1. Wendy Fenton and Melissa Phillips, Funding mechanisms in Southern Sudan: NGO perspectives, Humanitarian Exchange Magazine, Humanitarian Practice Network at ODI, Issue 42, London, UK (March 2009);

2. UN-OCHA, Humanitarian Appeal 2010 – Consolidated Appeal Process (CAP), United Nations Office for the Coordination of Humanitarian Affairs, http://www.humanitarianappeal.net (2010).


Michael Keizer May 27, 2010 at 2:57 pm

Yes, you just hit on one of the reasons for a reluctance to get to hybrid models. Not an insurmountable one, but one that does cause a lot of headaches. More later!


Dennis Bours May 27, 2010 at 3:00 pm

Another point would be overhead funding and a changing view from the side of donors.

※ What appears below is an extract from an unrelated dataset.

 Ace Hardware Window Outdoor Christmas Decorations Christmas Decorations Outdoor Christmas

1. Lynn Eakin, Supporting Organizational Infrastructure In the Voluntary Sector, background paper prepared for the Voluntary Sector Initiative, VSI Secretariat, Ottawa, Canada (May 2002);
2. OECD, Harmonising Donor Practices for Effective Aid Delivery – Volumes 1 to 3, OECD, France, Paris (2003 – 2006).

Another point would be the organizational structure, which needs to be able to cope with supply chain changes following programmatic changes. Given international NGO’s, I’d look at the geographical matrix structure.

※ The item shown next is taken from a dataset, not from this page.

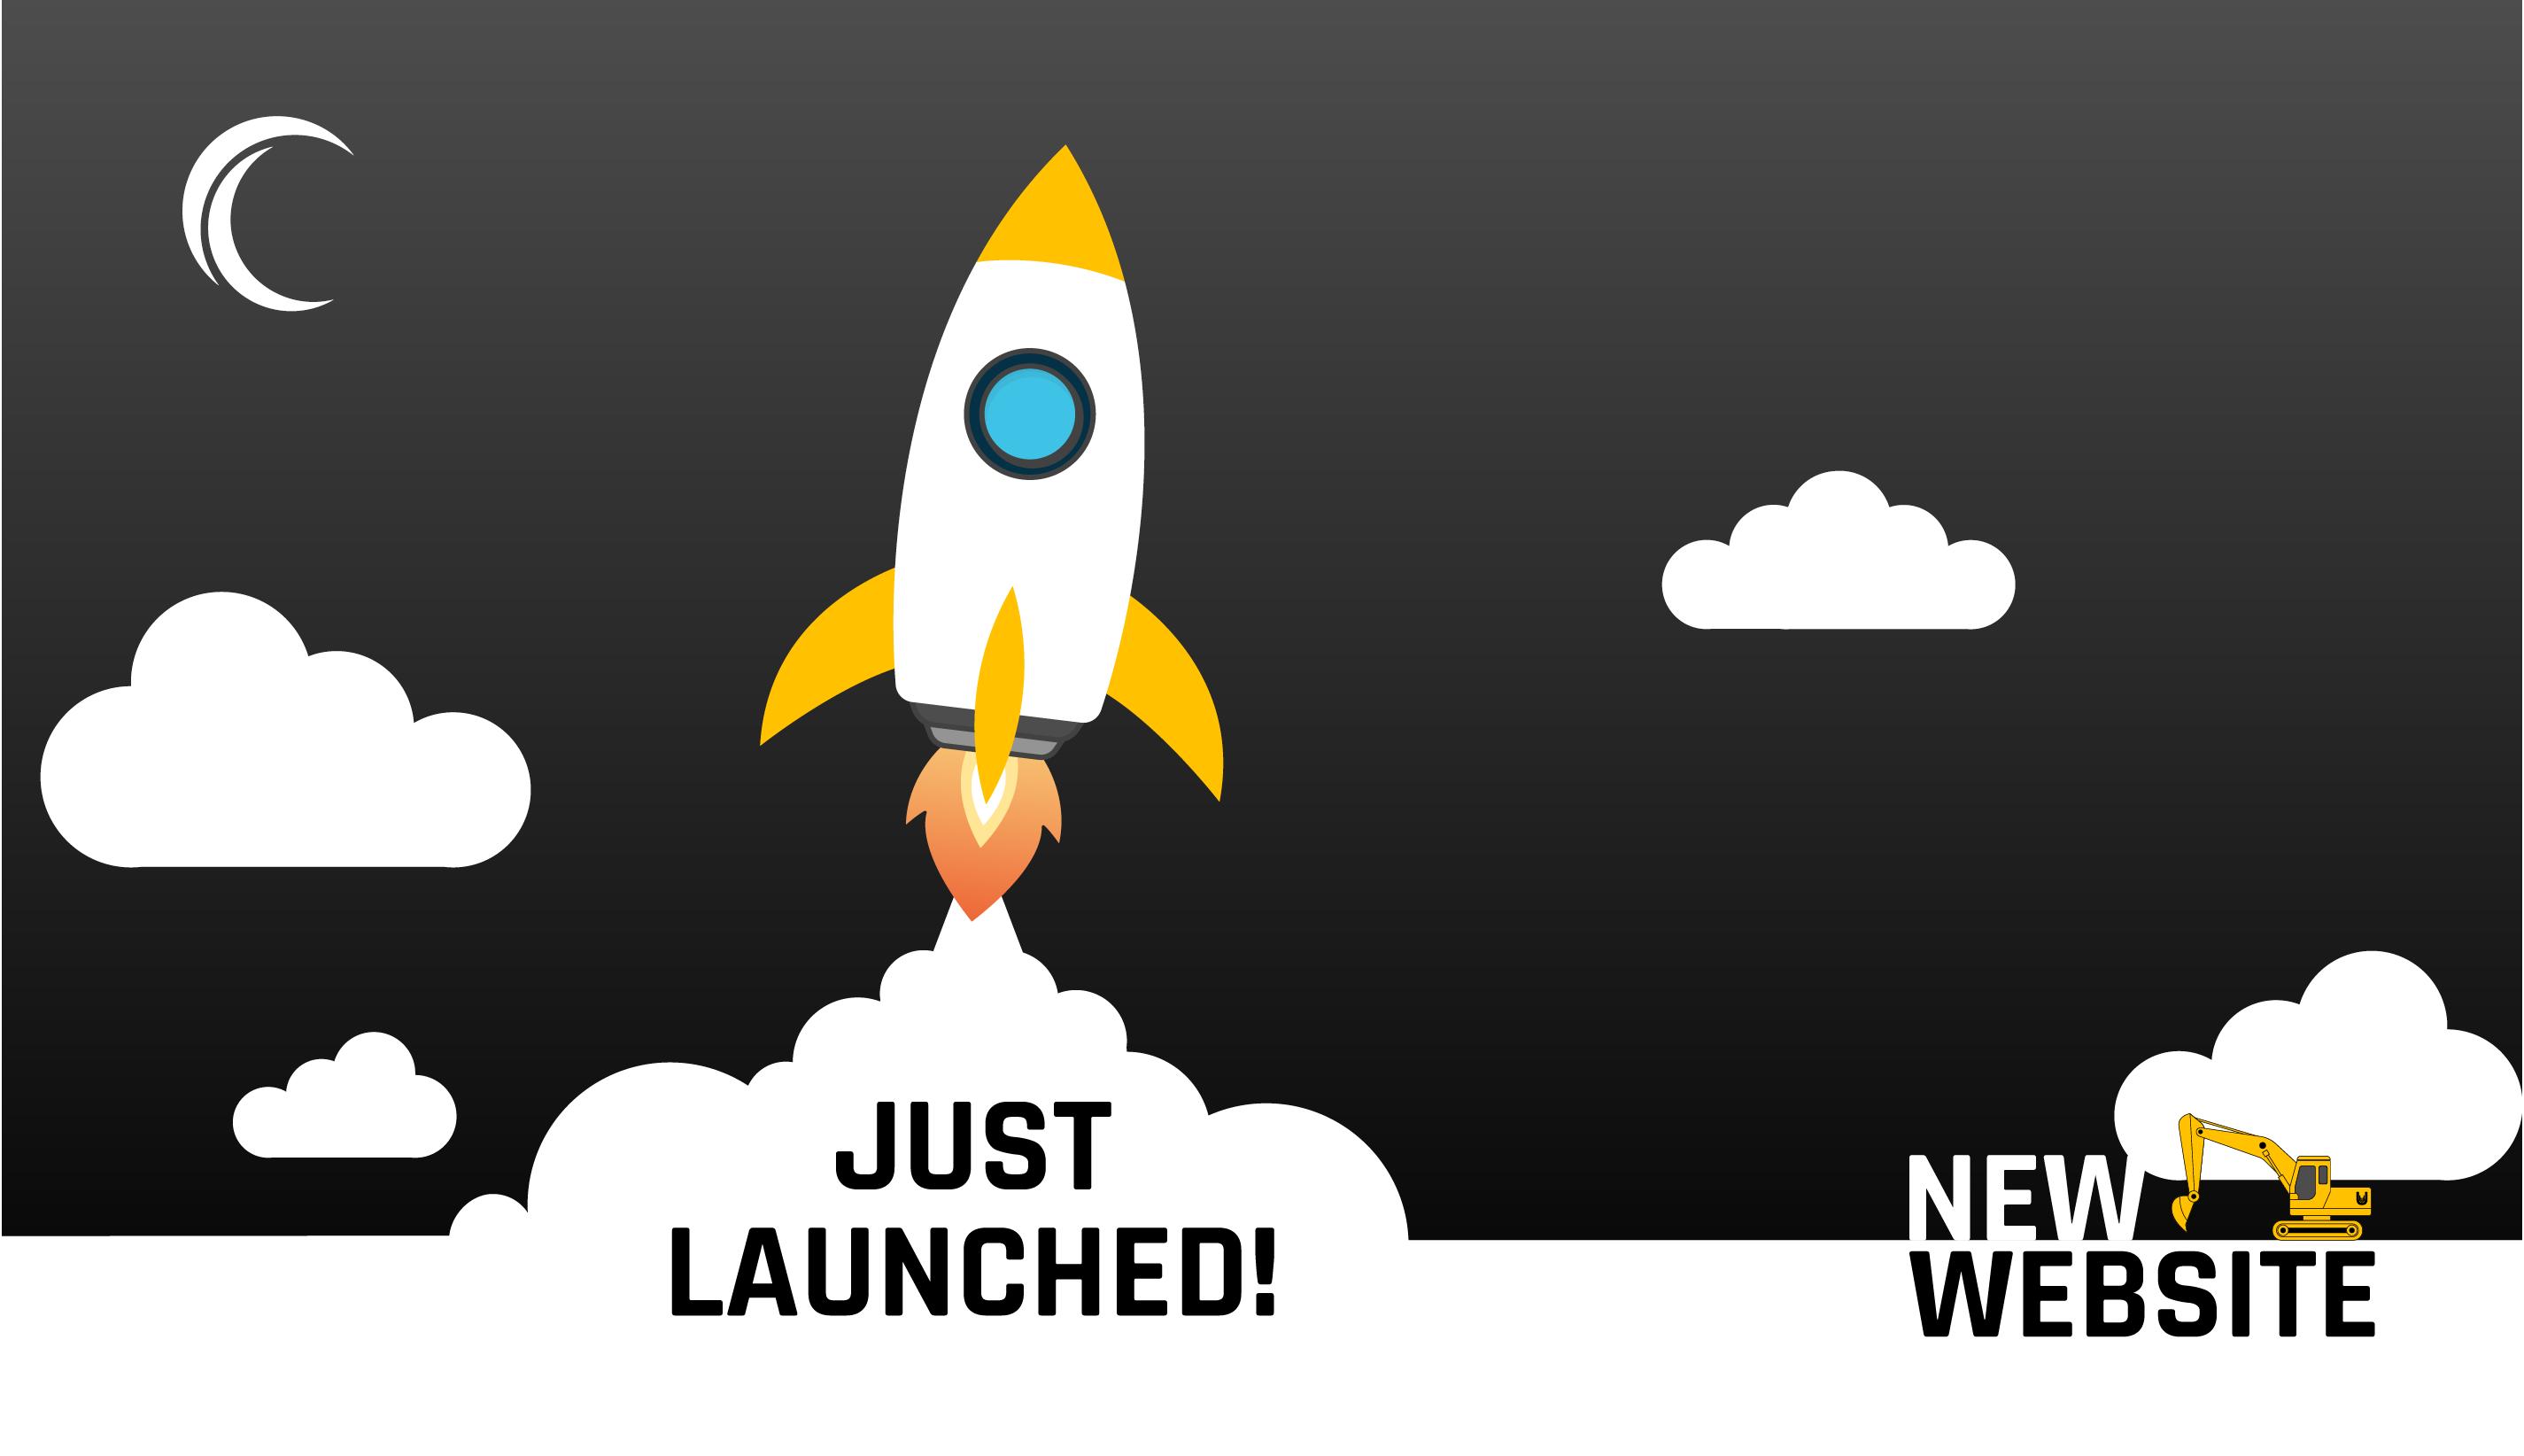 new uexcavate website

A (almost) last point would be that product segmentation does not necessarily follow the rules of responsiveness, efficiency and implied uncertainty… in the sense that products needed for the different programme phases are not necessarily segmented in line with the subsequent supply chain types and their behaviour.

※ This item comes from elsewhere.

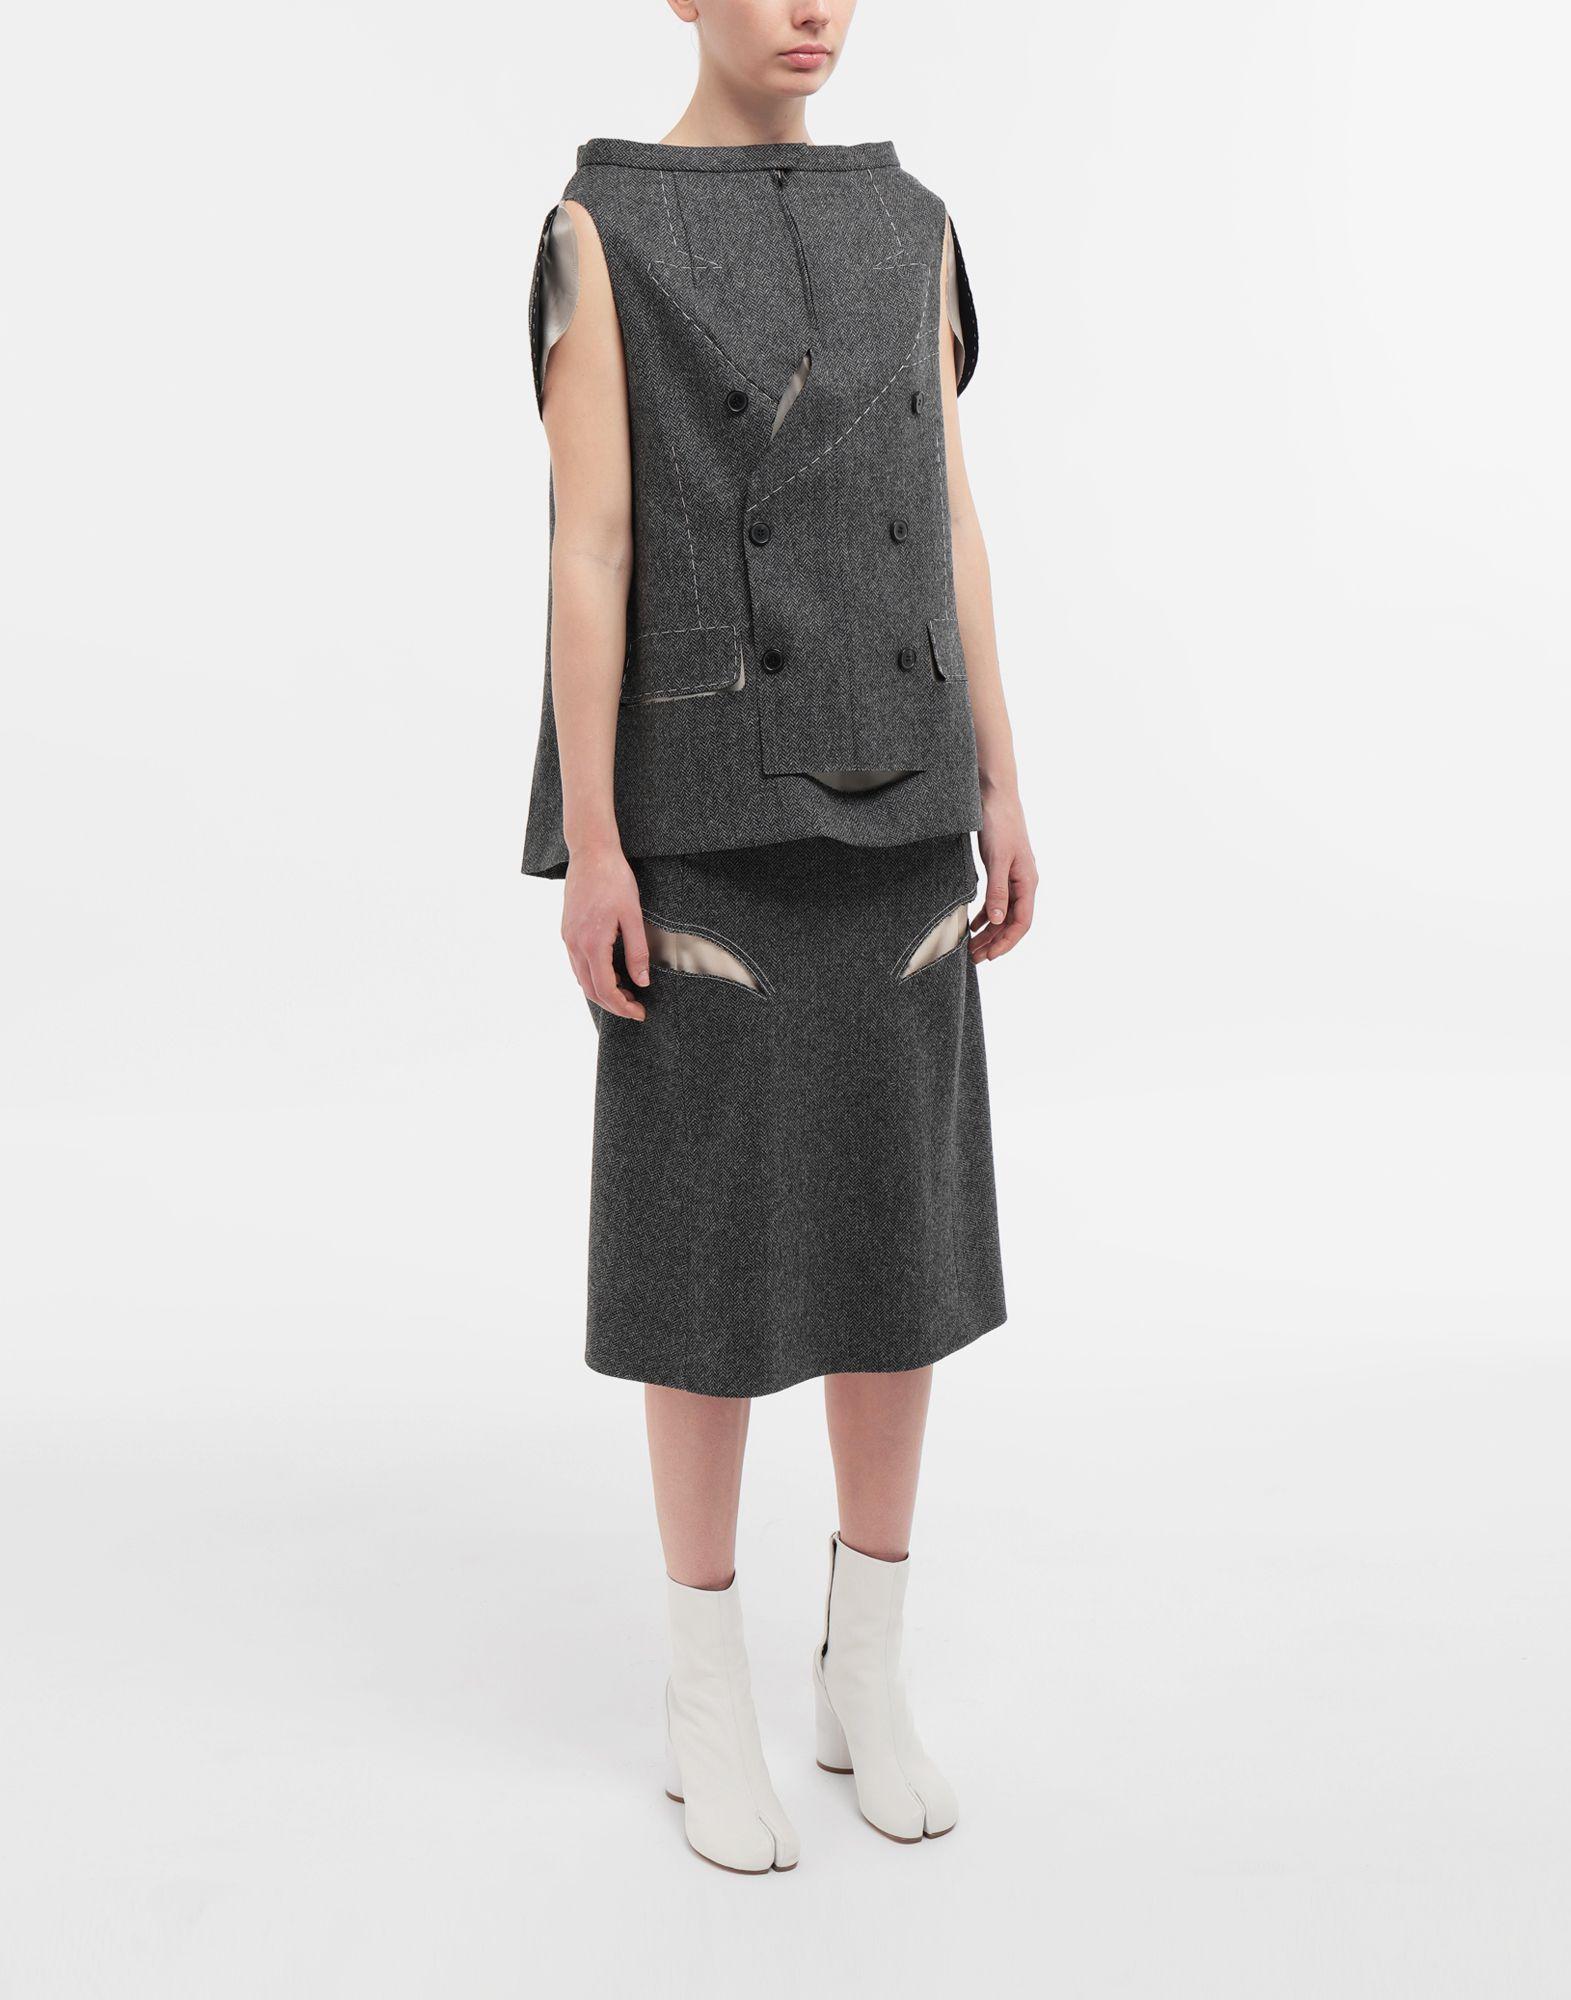 MAISON MARGIELA Tailored skirt cape top Top Woman d

A really last point now… The changing supply chain types asks for a lot of flexibility from the side of suppliers. The question is whether suppliers are eager enough to think along the same lines as INGO’s when it comes to changing dynamics (and with it management lines and responsibilities) during a programme’s lifetime, changing the supply chain type from disaster preparedness to push, to call forward, to full pull – and perhaps a few times back and forth, depending on the field situations.


Michael Keizer May 27, 2010 at 3:19 pm

Oh man, where and when did you get a sneak peek into my next post in the series? 😉

You managed to hit on almost all points I was planning to make. The only one you haven’t pointed out (and I will do that here before you think of that one too) is the changing technological environment that enables us to deal with hybrid supply lines much more easily. This works in two ways: ICT improvements enable us to address issues around accountability and control in hybrid supply lines that would otherwise be prohibitive; and transport and storage improvements allow hybrid supply lines to be more responsive than they have ever been before, even more so than pull/decentralised systems.